- Flag Coat of arms
- Location of Worben
- Worben Location within Switzerland Worben Location within Canton of Bern
- Coordinates: 47°6′N 7°17′E﻿ / ﻿47.100°N 7.283°E
- Country: Switzerland
- Canton: Bern
- District: Seeland

Area
- • Total: 2.8 km^{2} (1.1 sq mi)
- Elevation: 438 m (1,437 ft)

Population (Dec 2011)
- • Total: 2,283
- • Density: 820/km^{2} (2,100/sq mi)
- Time zone: UTC+01:00 (CET)
- • Summer (DST): UTC+02:00 (CEST)
- Postal code: 3252
- SFOS number: 755
- ISO 3166 code: CH-BE
- Surrounded by: Busswil bei Büren, Jens, Kappelen, Lyss, Studen
- Website: www.worben.ch

= Worben =

Worben is a municipality in the Seeland administrative district in the canton of Bern in Switzerland.

==History==
Worben is first mentioned in 1228 as apud Worbun.

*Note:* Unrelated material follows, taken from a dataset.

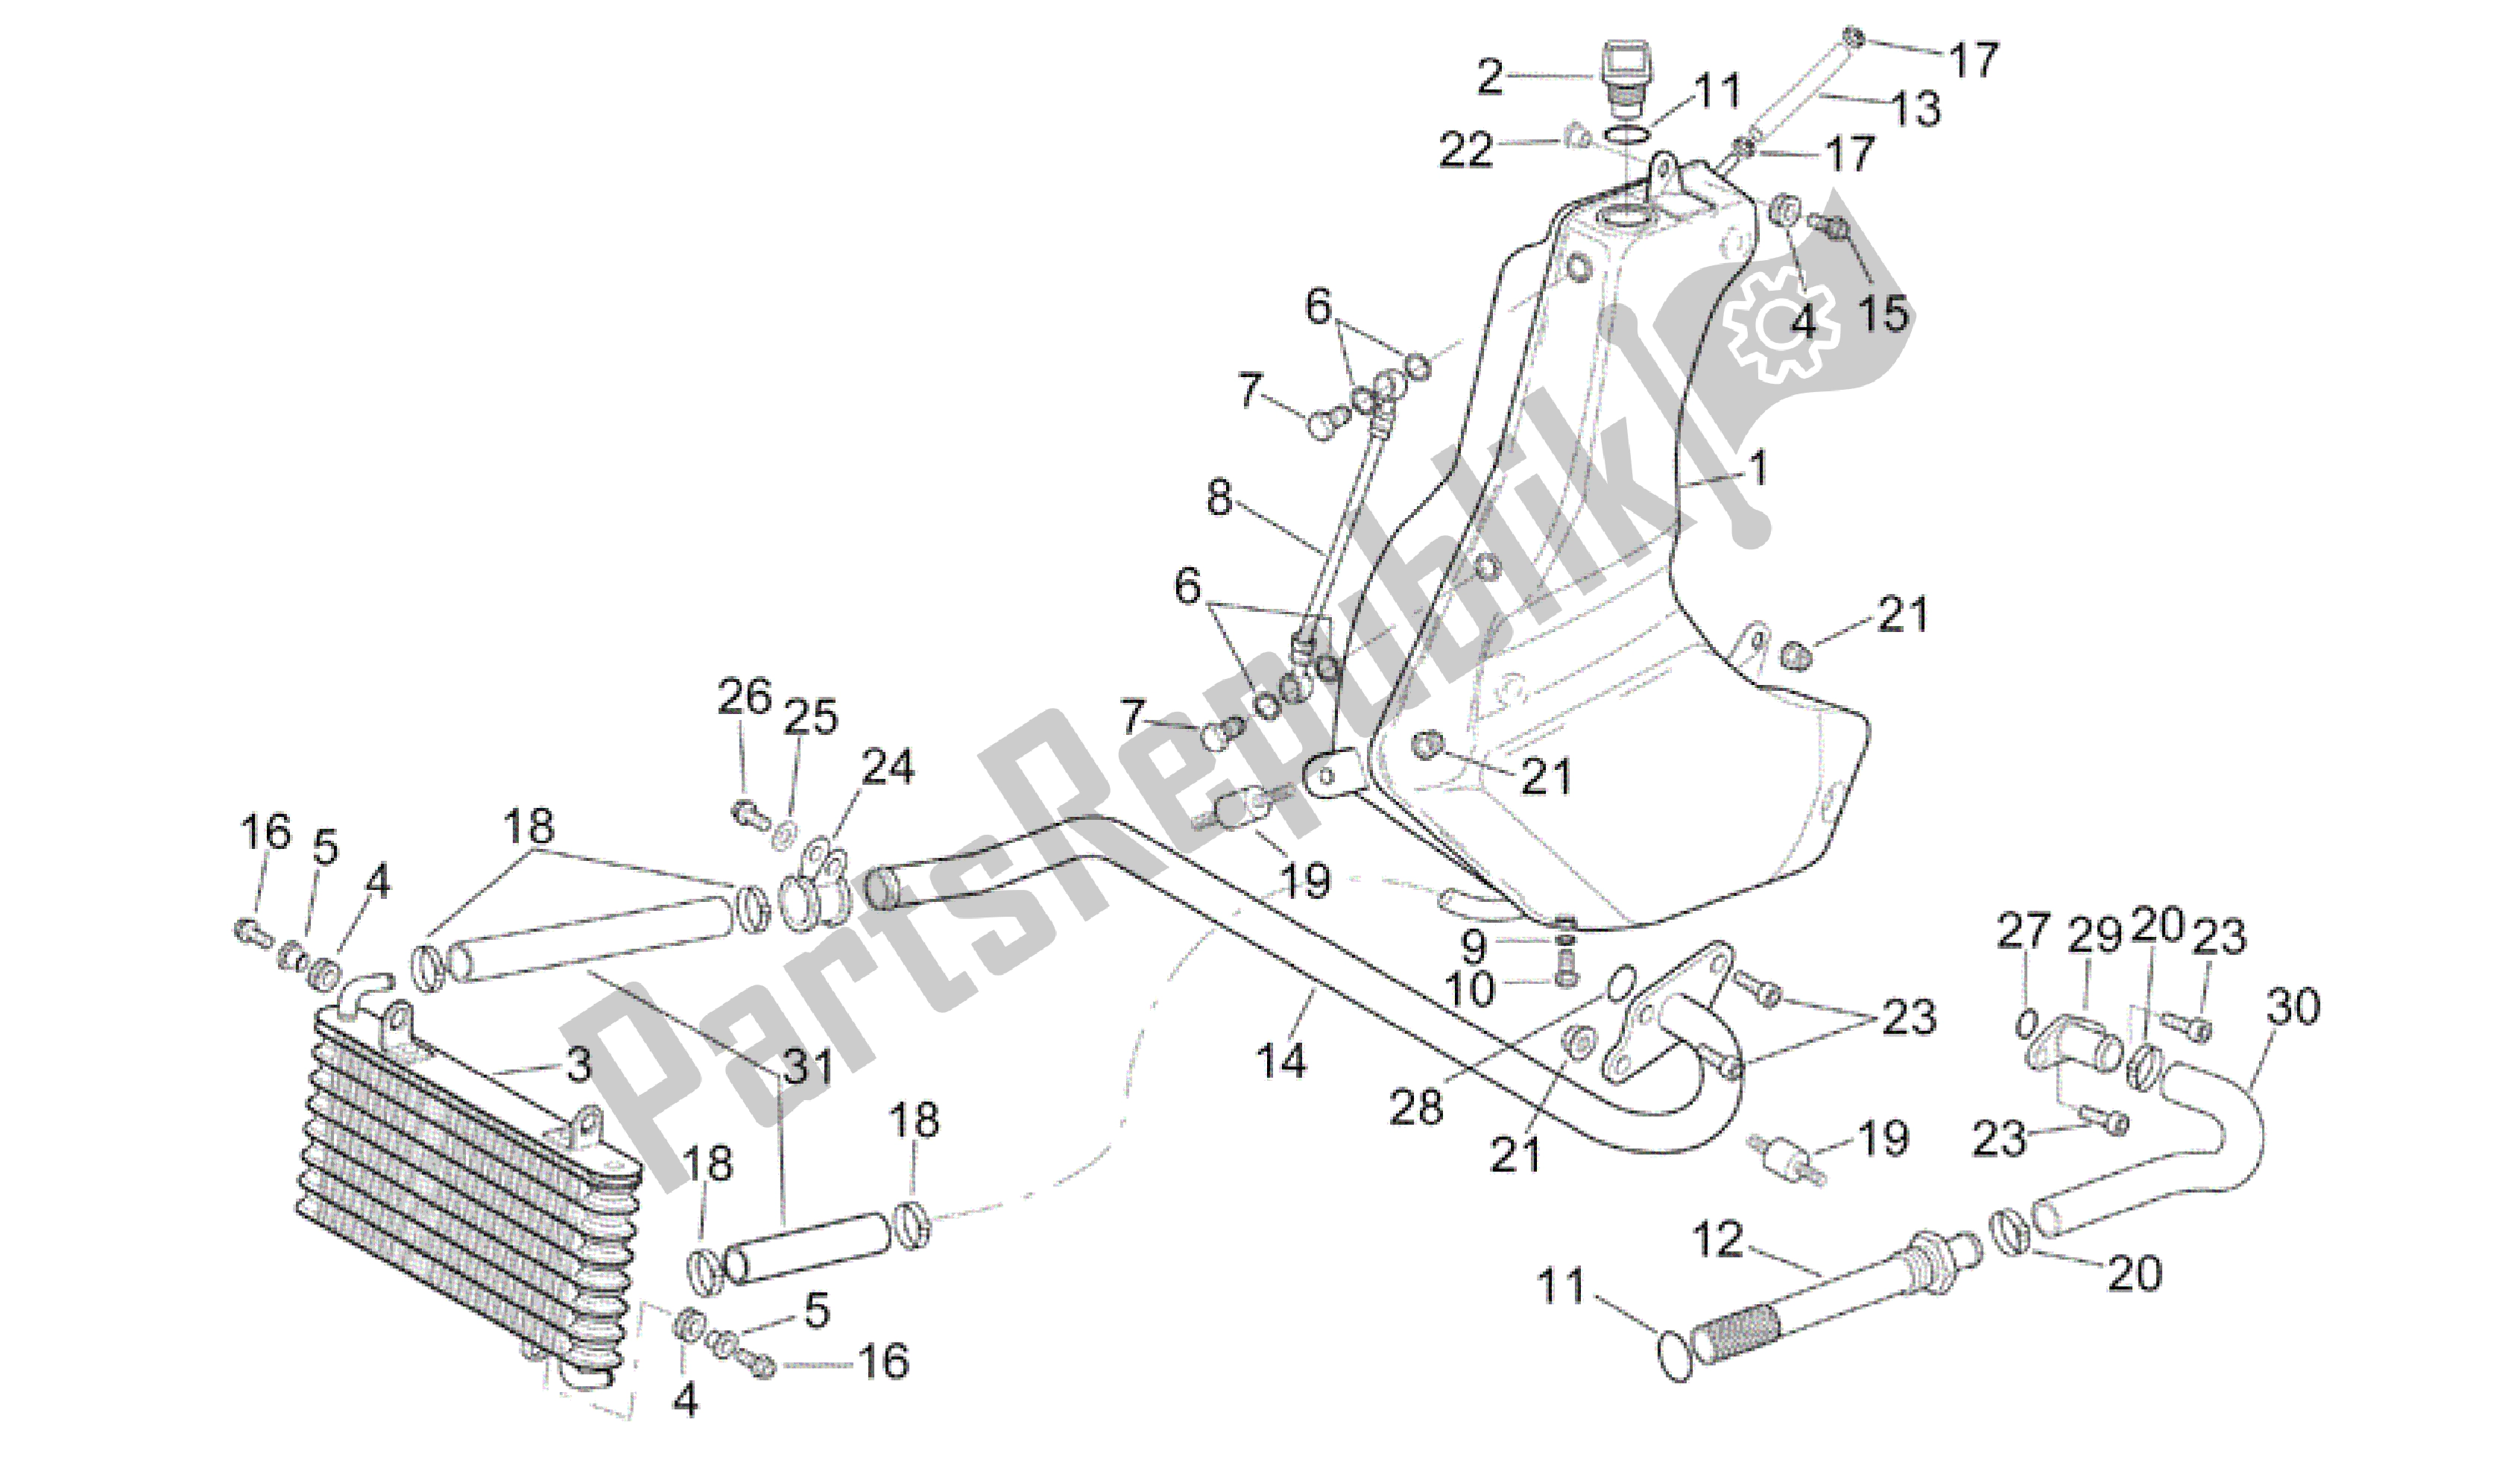 All parts for the Oil Tank of the Aprilia RSV Mille 3963 1000 2003

The oldest trace of a settlement in the area is a single Neolithic artifact discovered during construction of the Binnen Canal. Part of the Roman era station of Petinesca is located in the modern municipal borders, as well as a Roman road. During the Middle Ages the two villages of Oberworben and Unterworben were ruled by the Counts of Neuchâtel-Nidau. The monasteries at Gottstatt and Frienisberg owned most of the land in the villages. In 1398 the entire Neuchâtel-Nidau district of Inselgau, including Worben, was acquired by the city of Bern. While the two villages had their own fields, they were always administered as a single municipality. In 1463, the hamlet of Worbenbad was mentioned as part of the municipality. In 1783, all three settlements had a total of 26 houses. Both villages were periodically flooded by the Aare river. The Jura water correction projects of 1868-91 finally ended the flood risk. A bridge replaced a ferry on the Lyss road in 1886-87. In 1890 the Seeland Baumschulen company opened a nursery in the municipality. Worben was part of the parish of Bürglen until 1952 when it became the center of the Worben parish. In the 1960s the population of Worben grew as the surrounding towns of Biel, Lyss, Bern and Aarberg grew into industrial centers. A number of new houses, schools and sport facilities were built for the growing population. In 1991 a regional group home and workshop for the disabled opened. In Worbenbad, a home for the poor opened in 1876. It later became a regional nursing home and in 2011 had about 400 residents.

==Geography==
Worben has an area of . As of 2012, a total of 1.74 km2 or 62.1% is used for agricultural purposes, while 0.21 km2 or 7.5% is forested. The rest of the municipality is 0.82 km2 or 29.3% is settled (buildings or roads), 0.02 km2 or 0.7% is either rivers or lakes.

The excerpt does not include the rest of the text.